My son is 17 months old now, and since the day he was born I have had problems with his grandparents, my husband's parents.

They began by giving a lot of advice; I was able to take the good and leave the bad. When my son was about 7 months old my mother-in-law began to give me direct orders telling me what to do with my son. For instance ... he rolled and hit his head on the coffee table, he started to cry and I got up to pick him up. My mother in law shouted, "Sit down now, he's fine." I ignored her and she continued shouting this same order at me. I left the room with my son temporarily to gather my wits. I have told my in-laws that my husband and I are the parents and we will make the decisions regarding our son.

When my son was about 12 months old, they began disciplining my son when they felt it was necessary. I can be standing next to my son and my mother in-law will scream at him from across my house to stop doing something he is doing. If I had a problem with his behavior I feel it is my place to correct my son, not hers. Additionally, I do not believe in screaming or yelling at a child.

My husband and I are relaxed about what my son plays with in the house and this seems to bother my in-laws. The last time they came to visit, my father-in-law continually scolded my son when he cried, and my mother-in-law turned to me and said, "Bill is not going to put up with any more of his crap." I was devastated. The rest of the weekend, I kept my son busy in his room or playing in the yard. I even left the grandparents and took him to the park once.

My son is normally a very happy, curious, enthused little boy. He is afraid of his grandmother and very rarely gets within her reach. They come to visit about once a month and I dread it every time they come. My son becomes very moody and clingy. Every time they yell at him he looks at me, I feel like I am letting him down by not advocating for him. The more they scold him, the more he cries, the more they scold him. It has become a vicious circle and my son is miserable every time they visit.

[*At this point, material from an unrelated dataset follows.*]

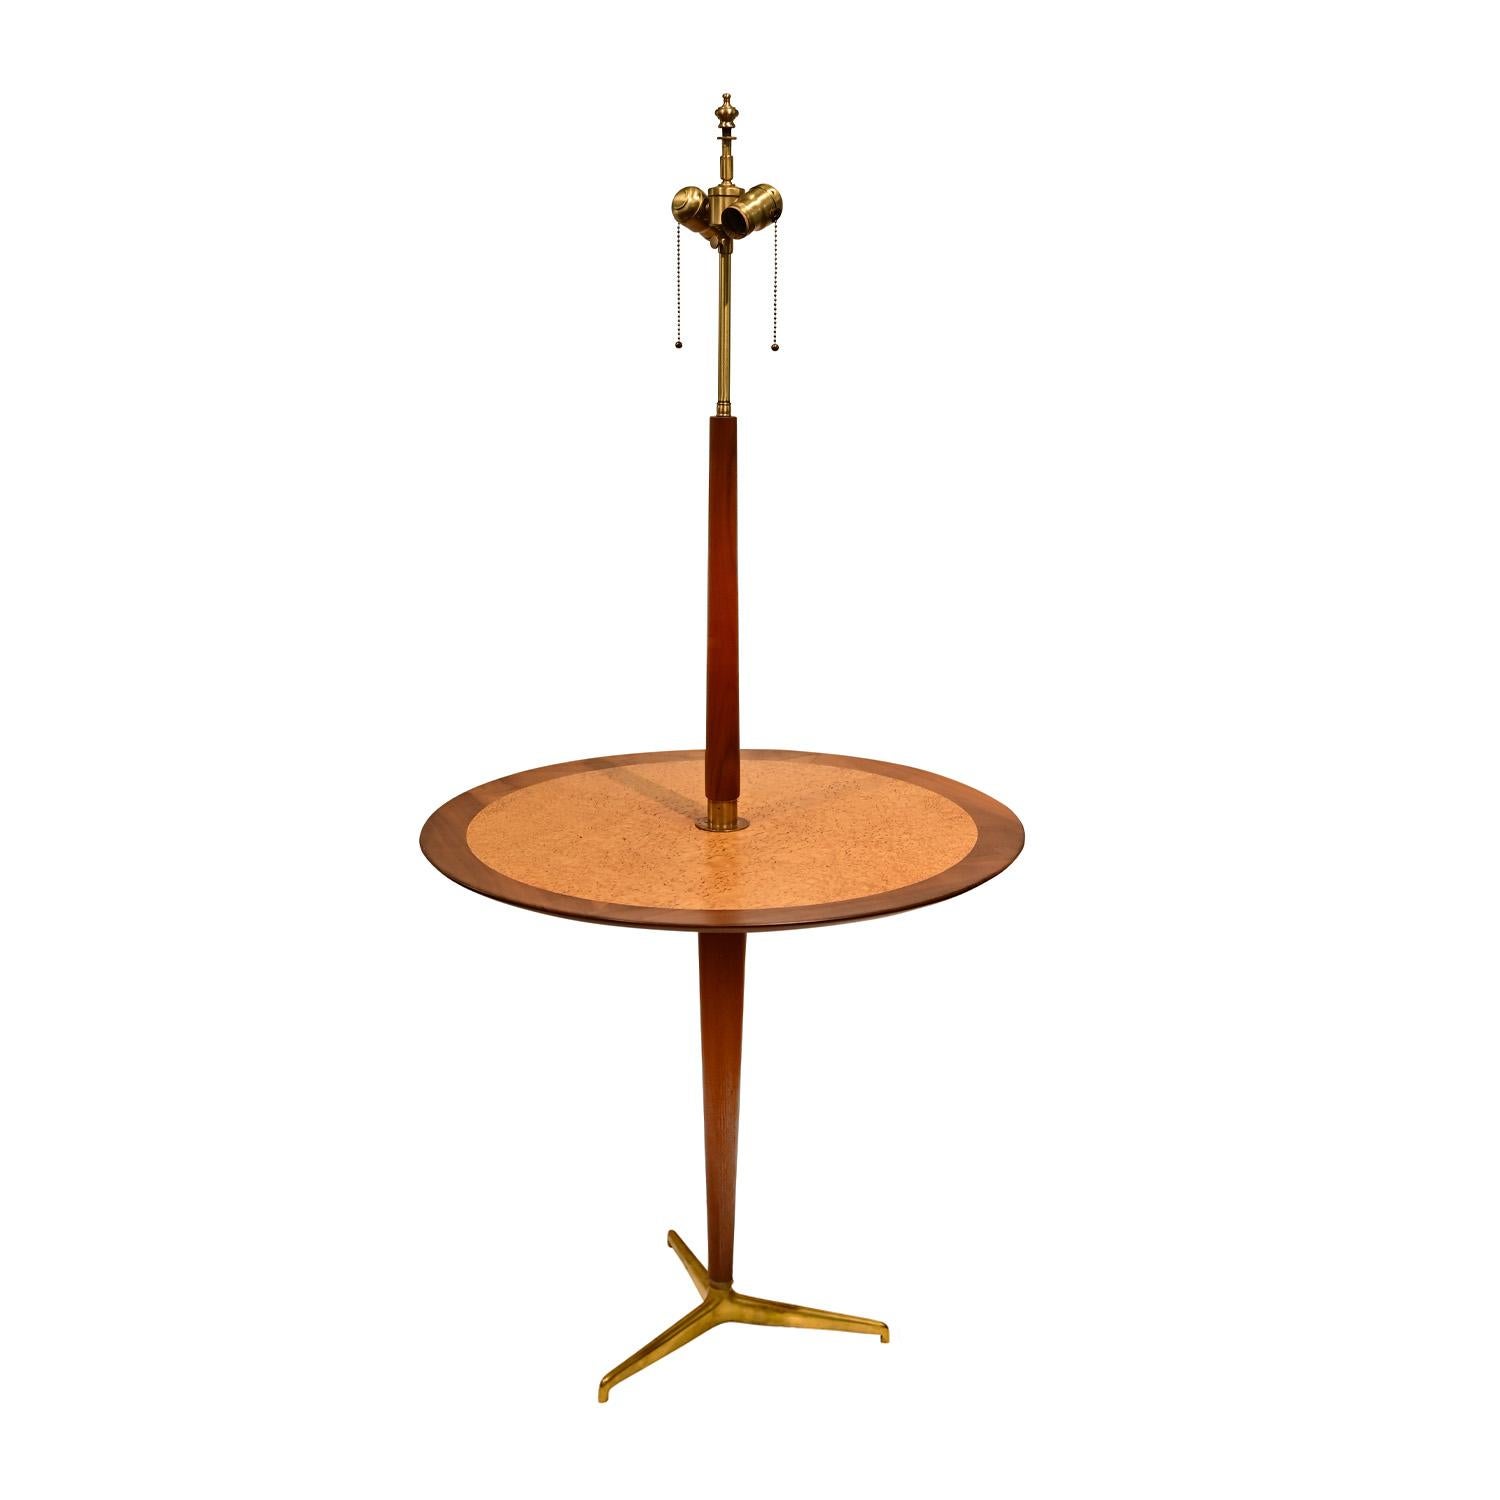 Mid-Century Modern Edward Wormley for Dunbar Floor Lamp with Incorporated Table 1954 (Signed) For Sale

Do you have any suggestions for me? Can you recommend any literature I could read? Any help you have to offer is much appreciated. Thank you.

Debra


Jan's Reply:

Hi Debra,

My heart goes out to you in this frustrating situation. How sad that your in-laws can't simply enjoy their grandchild.

I'm wondering what ideas your husband might have. Could he help his parents to understand that they are alienating a child with whom they presumably would like to have a close relationship? Could he ask them to be a bit more open-minded or at least less vocal in their demands and expectations? 

How unfortunate that your in-laws can't see that they are making your son too fearful to have the kind of loving and trusting relationship any grandparent would want to have. If you think they might be open to reading material, here are some suggestions:

Empathic Grandparenting
The Parenting Golden Rule
How Children Really React to Control 

Gather your courage and continue to stand up for your son, because he is the one who can suffer the most in this kind of situation. He is also the one who can benefit the most, by learning from your example how to stand up for someone who is being hurt and misunderstood and is not in a position to defend himself. 

My articles on intervention may be helpful:

Intervening on Behalf of a Child in Public Places - Part 1: Is It Our Business?
Intervening on Behalf of Children in Public Places - Part 2: What Can We Do?

Although I wrote these articles with public intervention in mind, the fact that this is your own child only means it is even more relevant and important for you to help him in these situations.

If you are nursing, a La Leche League leader would be another good resource, as they are experienced with similar problems of disapproving relatives. The LLL includes the following articles on their website:

Responding to Criticism
Criticism from Relatives
How do I respond to and avoid criticism about breastfeeding?

The folllowing articles on handling parental disagreements may also be helpful:

"When Parents Disagree"
"When Dad Disagrees"
"Agreeing to Disagree"

Best wishes with this challenging situation. Please keep in touch.